Should either measure pass, Hudak said, "it would signal a pretty significant change in politics around cannabis in the South in a way we really haven't had a good test of yet."
End of the road for legalization via ballot measure?
Advocates say they first pursued the piecemeal ballot measure process to legalize cannabis because it has been easier than navigating the time-consuming efforts in state legislatures. But they're running out of states that use ballot measures to shape public policy, Hudak said.
Just 26 states have initiative or veto referendum processes at the state level. And already, leaders in New York, Pennsylvania, Connecticut and New Mexico are calling for their states to legalize too.
"Conversations are getting more serious," Hudak said. "A lot of progress has been made at the legislative level, even if there's not a lot to show for it."
But Schweich hopes voters' decisions come Election Day will serve as a tipping point toward a national conversation.
"The reason there's a conversation in Congress is because of all of the victories that we've already incurred at the state level," Schweich said. "If we can win in New Jersey, Mississippi, South Dakota, Montana and Arizona, it's going to send a really loud message to Congress that it's time to fix this at the federal level in 2021."
Attitudes have changed
"Marijuana used to represent the counter culture. Now it represents Wall Street in many ways," said Kevin Sabet, co-founder and CEO of Smart Approaches to Marijuana, a national group that opposes legalization. Sabet and his organization support decriminalization of marijuana use, which would end treating the drug as a criminal offense. Currently, 27 states and Washington, DC, have decriminalized cannabis.
"The idea that to not throw people in prison and to decriminalize, you have to make big tobacco rich and commercialize marijuana is unfounded," Sabet said.
As more states have legalized cannabis, tobacco and alcohol companies have made sizable investments in the burgeoning industry. In 2018, Altria, formerly known as Philip Morris, invested $1.8 billion in a Canadian cannabis company. Major US breweries including Anheuser-Busch InBev, Constellation Brands and Molson Coors have invested or partnered with cannabis companies. In October, American beer brewer Pabst Blue Ribbon released a cannabis-infused seltzer for sale in some California dispensaries and online.

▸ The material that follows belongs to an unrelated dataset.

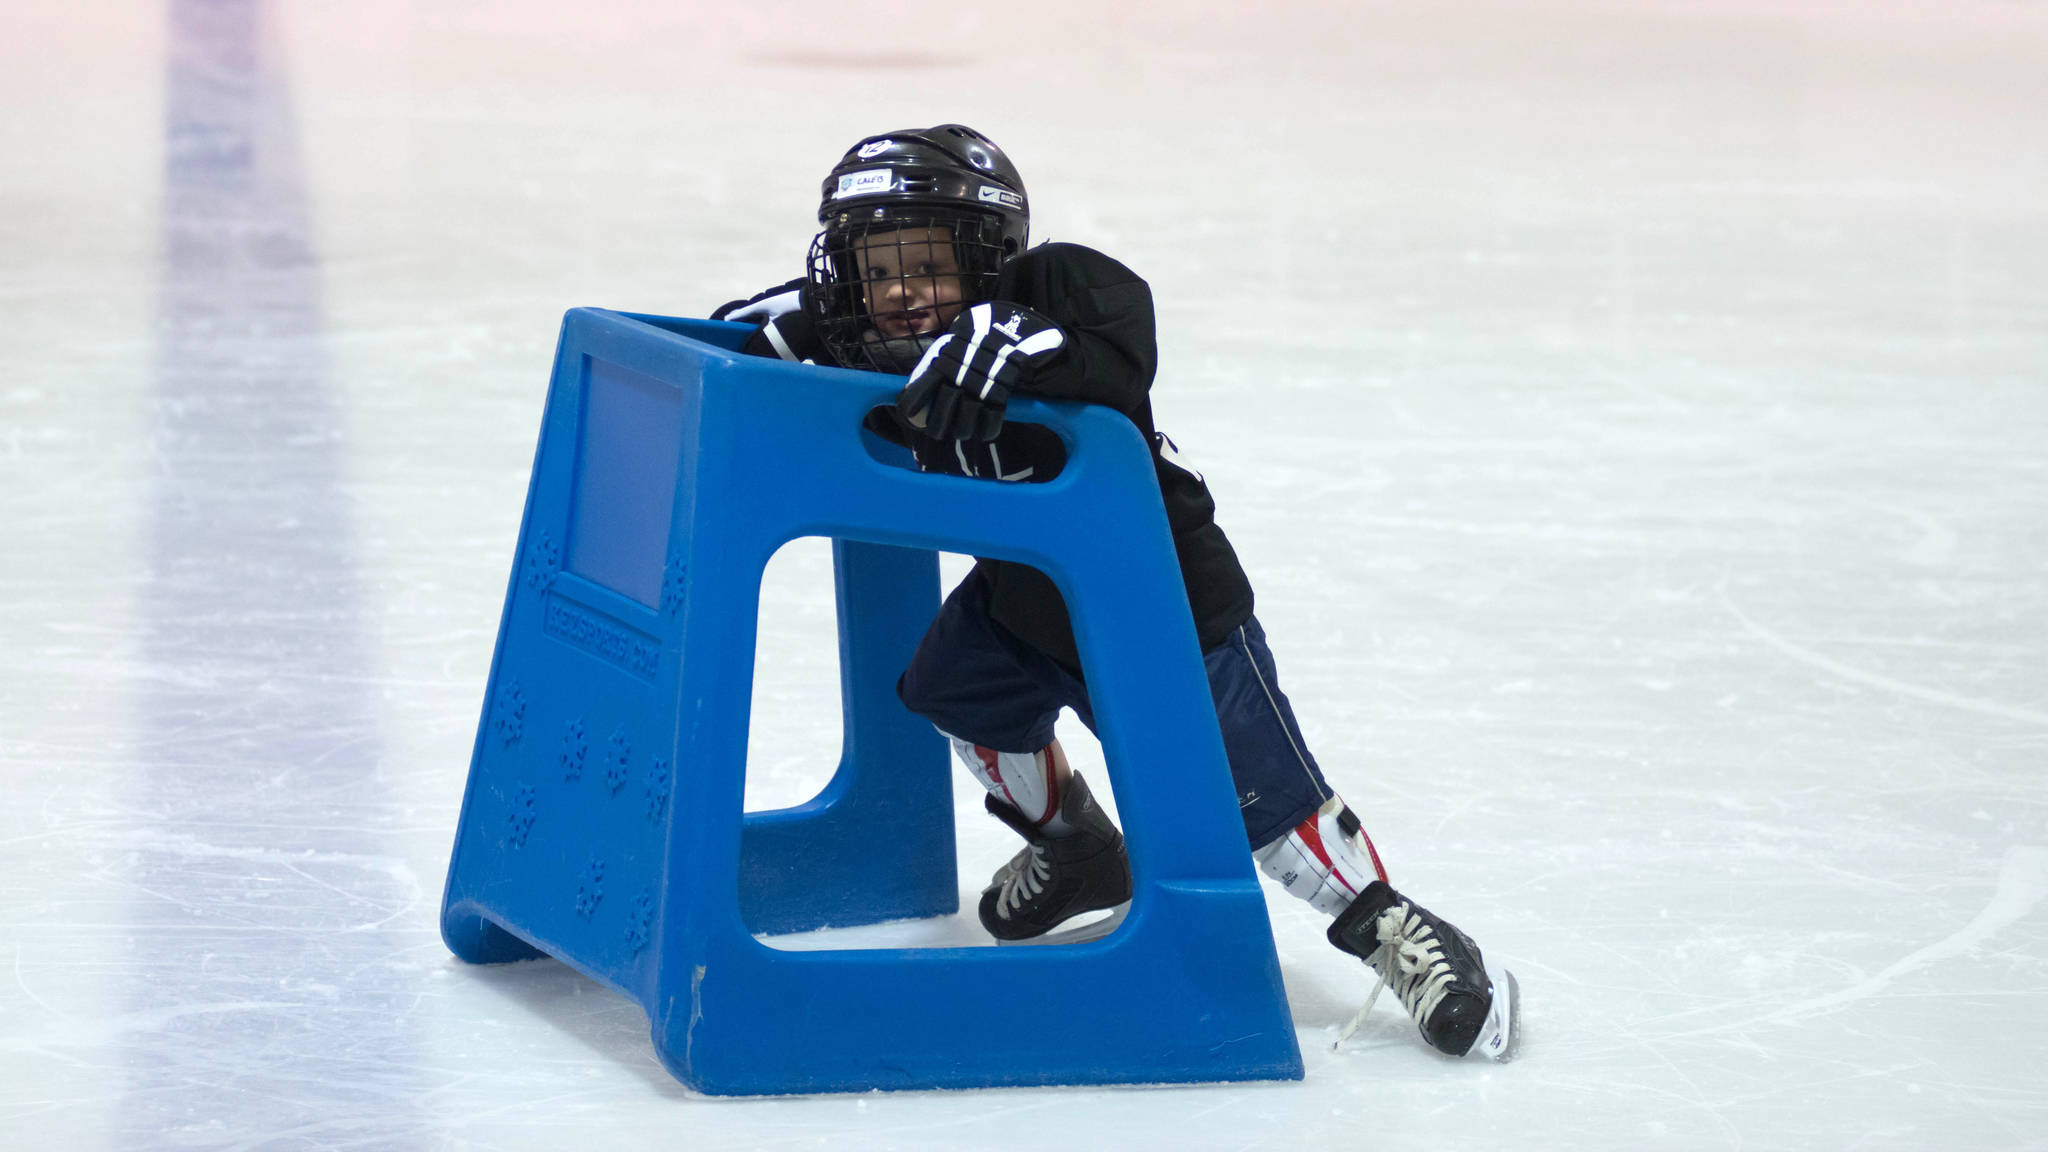 A young boy learns to skate at last year’s Discover Hockey Day at Treadwell Ice Arena. (Photo courtesy of Steve Quinn)
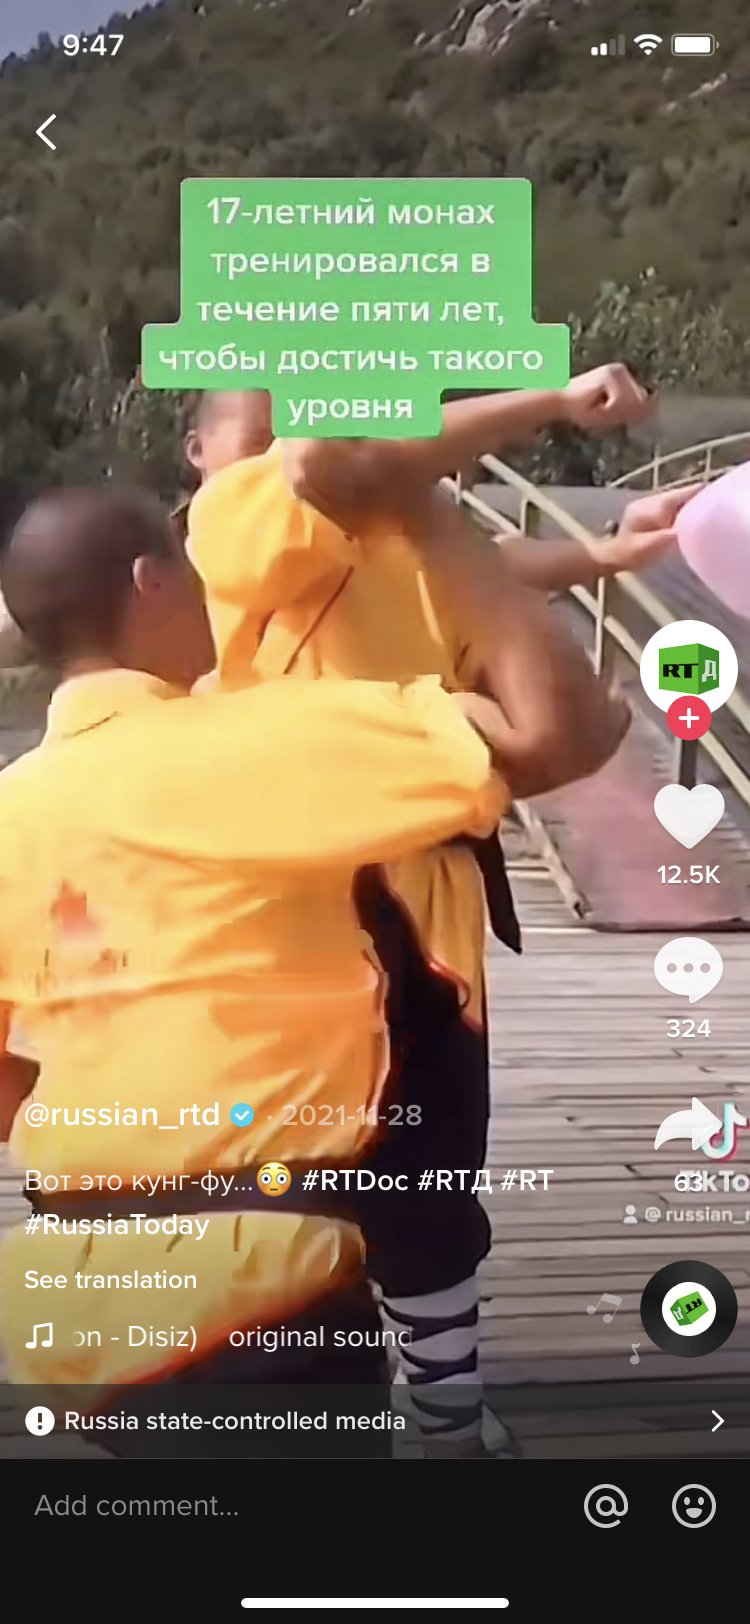 A screenshot of a TikTok from the official RT account shown with a 'state-controlled media' label.

"Legalization, no doubt, is going to make a few people very rich," Sabet said. "And it may rescue big tobacco from its long economic demise as well as give big alcohol a new product line."
Hudak says there has been a "market consolidation."
"The fear out there is that there will be a Philip Morris of cannabis, which we don't have," Hudak said. "We shouldn't fear big marijuana, we should fear bad marijuana. The idea that there is a large business operating does not necessarily mean that the outcomes will be bad, and at the same time, simply because a business is small doesn't necessarily mean that it's behaviors will be good."
He added that regulatory systems can help create some guard rails -- and there's more work to do.
"The unfortunate reality right now is that the way the cannabis industry works and states structure their laws, it's a lot easier for a wealthy, white male business man who's had success in another industry to get into the cannabis industry than it is for someone who previously grew in the black market or a person of color of younger person or person of fewer means," Hudak said.